2. Connection, alignment, merger, being in sync The report, printed Thursday in The Canadian Journal of Human Sexuality, notes that 'the depth of the connection between partners was one of the most critical elements of the experience regardless of duration of the relationship.'

3. Deep sexual and erotic intimacy Kleinplatz describes this as the foundation of a relationship in which optimal sexuality becomes a possibility. It involves deep mutual respect, caring, genuine acceptance and admiration. As Kleinplatz notes, 'you can't trust just anyone.'

4. Extraordinary communication, heightened empathy While marital counsellors are trained in teaching communications skills to clients, Kleinplatz describes the study's participants as having 'black belts' in communications. 'These weren't people who learned all about the other sex's genitalia and then just applied the technique,' she says. 'These were people who were so engaged in and with their partners' bodies that they could read their partners' responses, not only touching them, but feeling them."

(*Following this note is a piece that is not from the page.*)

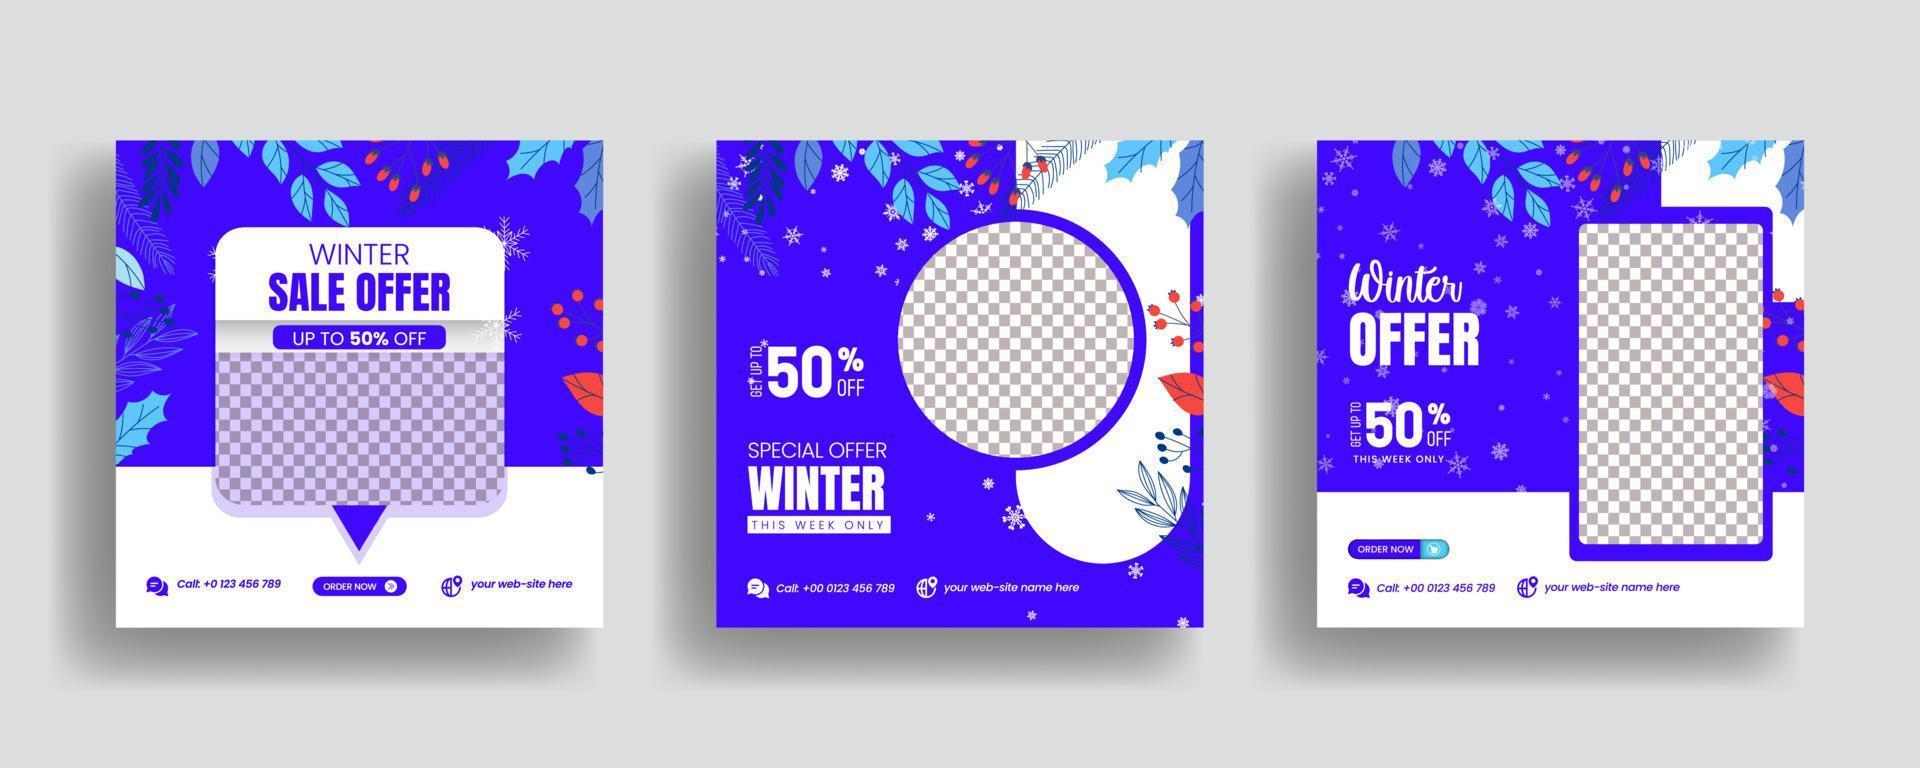 Social-Media-Post für den Wintermodeverkauf, Web-Banner-Anzeigenvorlage mit modernem 3D-Stil, geeignet für Website-Banner, quadratische Flyer oder Poster und Marketing-Flyer-Design vektor
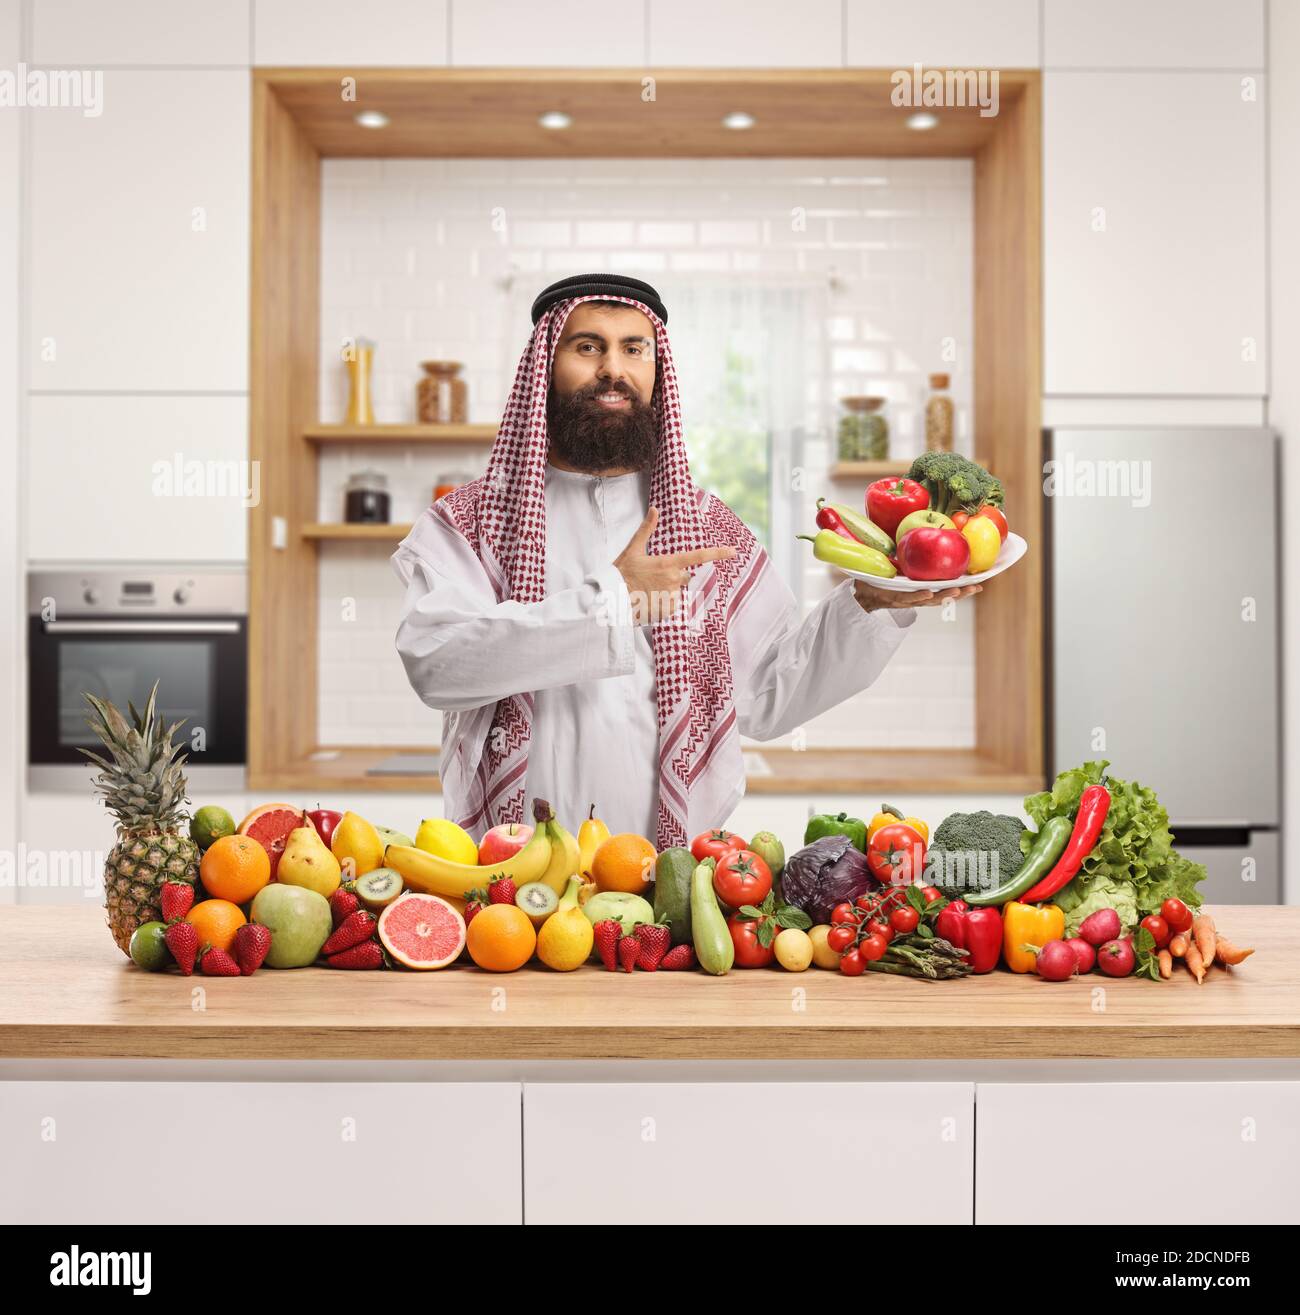 Saudi-arabischen Mann hält einen Teller mit frischen Früchten und Gemüse in einer modernen Küche Stockfoto

5. Authenticity, being genuine, uninhibited, transparency 'This is pretty much the opposite of self-consciousness,' says Kleinplatz. 'It's allowing oneself to be emotionally naked while being seen by a partner.' One of the study's subjects noted 'I don't know that I'm capable of having great sex anymore without caring about a partner.'

6. Transcendence, bliss, peace, transformation, healing Participants in the study often reported a sense of timelessness or the infinite during great sex. 'There was often a moment of aliveness beyond anything they'd experienced before,' says Kleinplatz. 'Their experience often really was exalted, and (the subjects) would use language borrowed from religion to describe it, because there are no words in the vocabulary of sexology to describe it.'

7. Exploration, interpersonal risk-taking, fun This, says Kleinplatz, is where participants describe sex as an adventure. She uses a line from The Who song Bargain: 'I'm looking for a free ride to me. I'm looking for you.' 'I've always thought it was one of the most erotic lines I've heard,' she adds. 'This is about being on a journey of self-discovery, with sex as the pathway. 'And it's also a lot of fun.'

8. Vulnerability and surrender 'If authenticity is about what's happening within and choosing to be emotionally naked,' Kleinplatz explains, 'vulnerability is more about the willingness to be seen naked. It's an awareness that I'm letting you inside of me, penetrating one another's souls.